Hi Darrell, if it has indepentant front suspendtion, coil springs with air bags its a Chev P-30, I am not 100% positive but think that all the John Deere's had Ford 460's. Yes the JD is a tuffer chassis, but maybe be harder to get parts for. Have you checked out what the cost of a new 454 and installation will be, it may not be worth it unless you almost get the unit for nothing. Most 1996 Pace Arrows in good conditon are worth less then a new engine & installation.   :laugh:    :bleh:  :approve: 
PS: You didn't say which model or length Pace your looking at, but Nadas price for a 29' is about $11000 to $12000, you can check prices here www.nadaguides.com


----------



## Darrell (Mar 7, 2004)

1986 Pace Arrow chasis ?'s

Thanks Gary.
The MH is a 33' with dual A/c's and dual furnaces each with it's own thermostat, a split bath, queen island bed and 6.5KW Onan, driver AND passenger doors with electric windows on each. It is in decent shape interior and a little rough outside.
An installed 454 is roughly 6-7K if my machine shop does it but I can build and instal one for about $1600. Building the engine is a no brainer..intal will be a pain but I am not going to pay someone to do it. 
The guy wants 3K for the unit as is.
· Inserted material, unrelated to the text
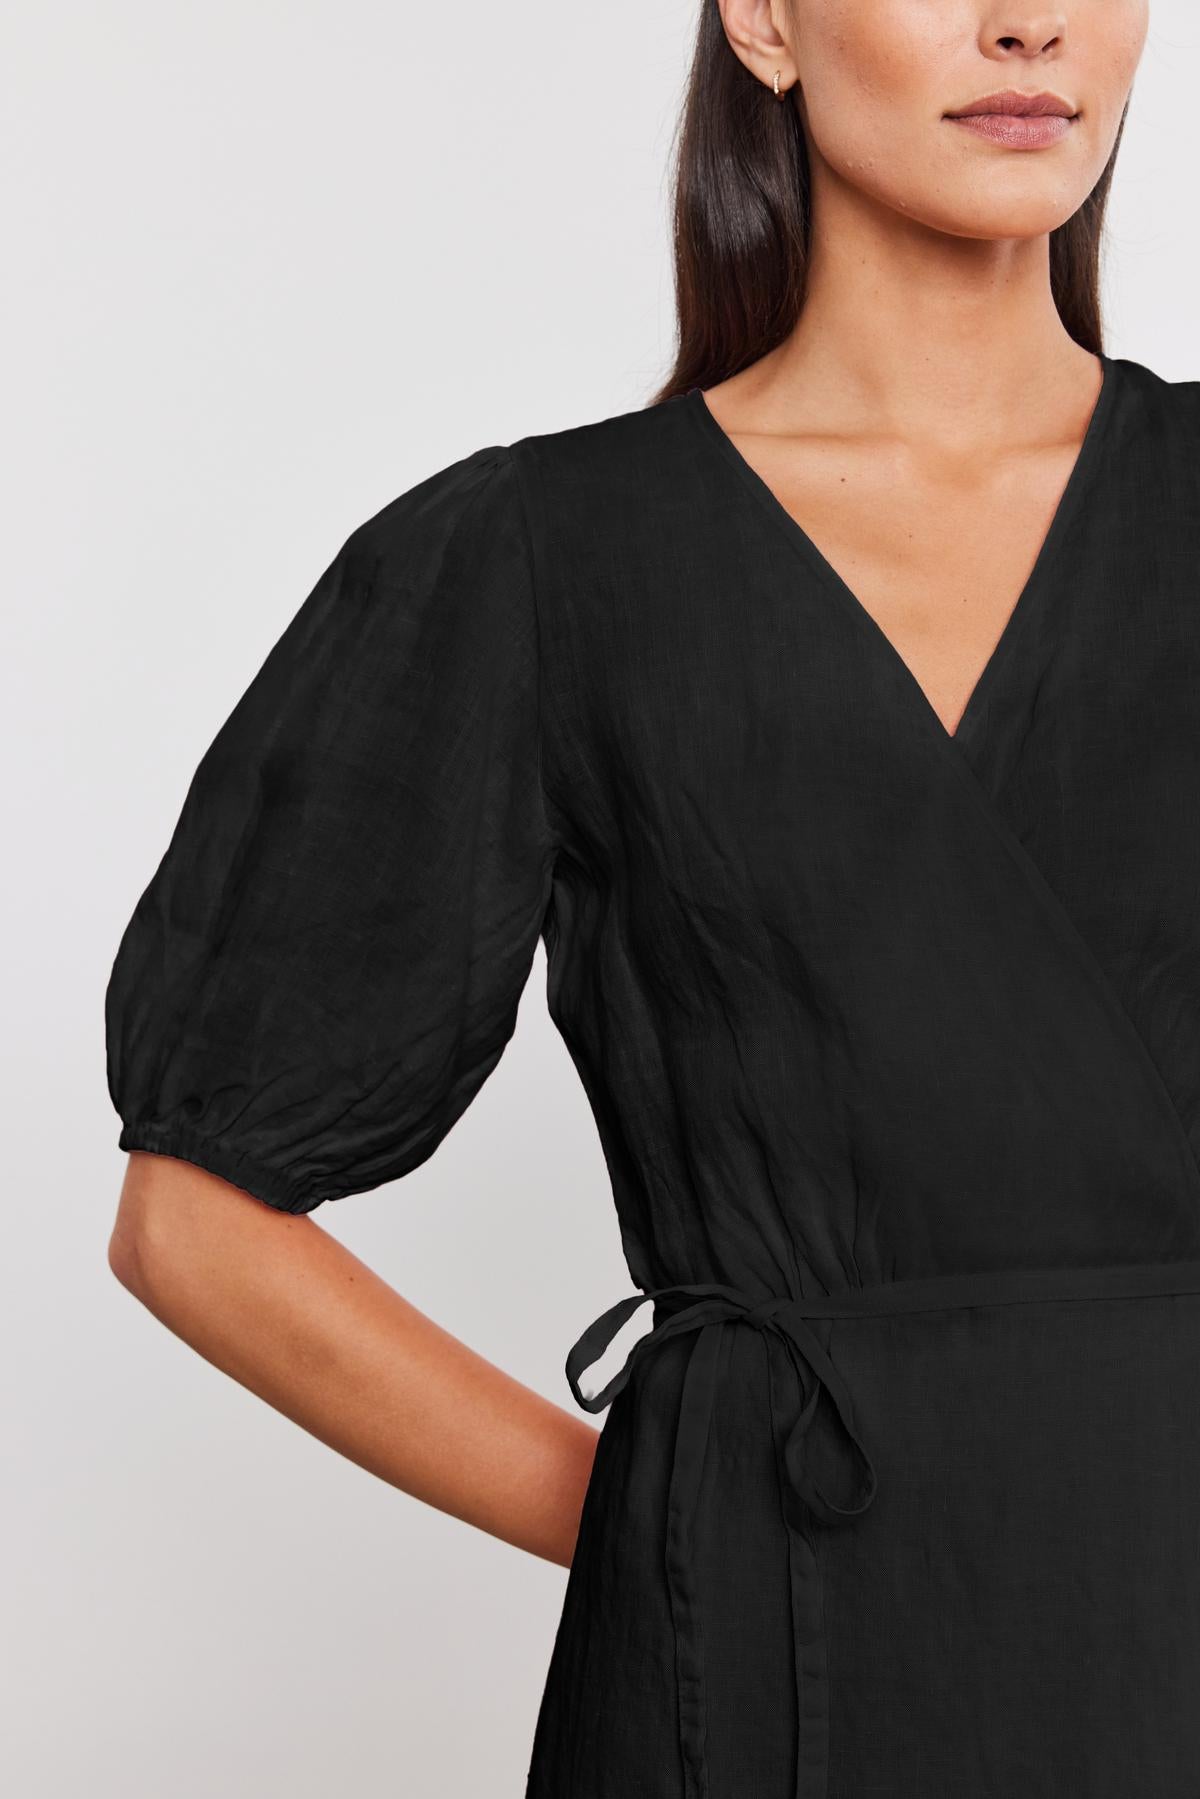 Woman wearing a black v-neck wrap Dalede Linen Dress with puffed sleeves and a tie at the waist, cropped view focusing on the upper body.-36917057945793

So that makes $4600 I would be into it for if I pay him his asking price. Figure another 4-5 hundred in misc stuff to get it up to snuff...assuming everything else works.
So I figure if it would be worth 10K with a good engine I would be money ahead.
What do you think?
Darrell


----------



## Gary B (Mar 7, 2004)

1986 Pace Arrow chasis ?'s

Yes if you can do a lot or most of the labor yourself then you will be in good shape, and I think $3000 is a good price, if all the applinaces work, check out the refer and airs, furnaces, water heater etc. It'll be some work but problay worth i. Good luck.   :laugh:    :bleh:  :approve:


----------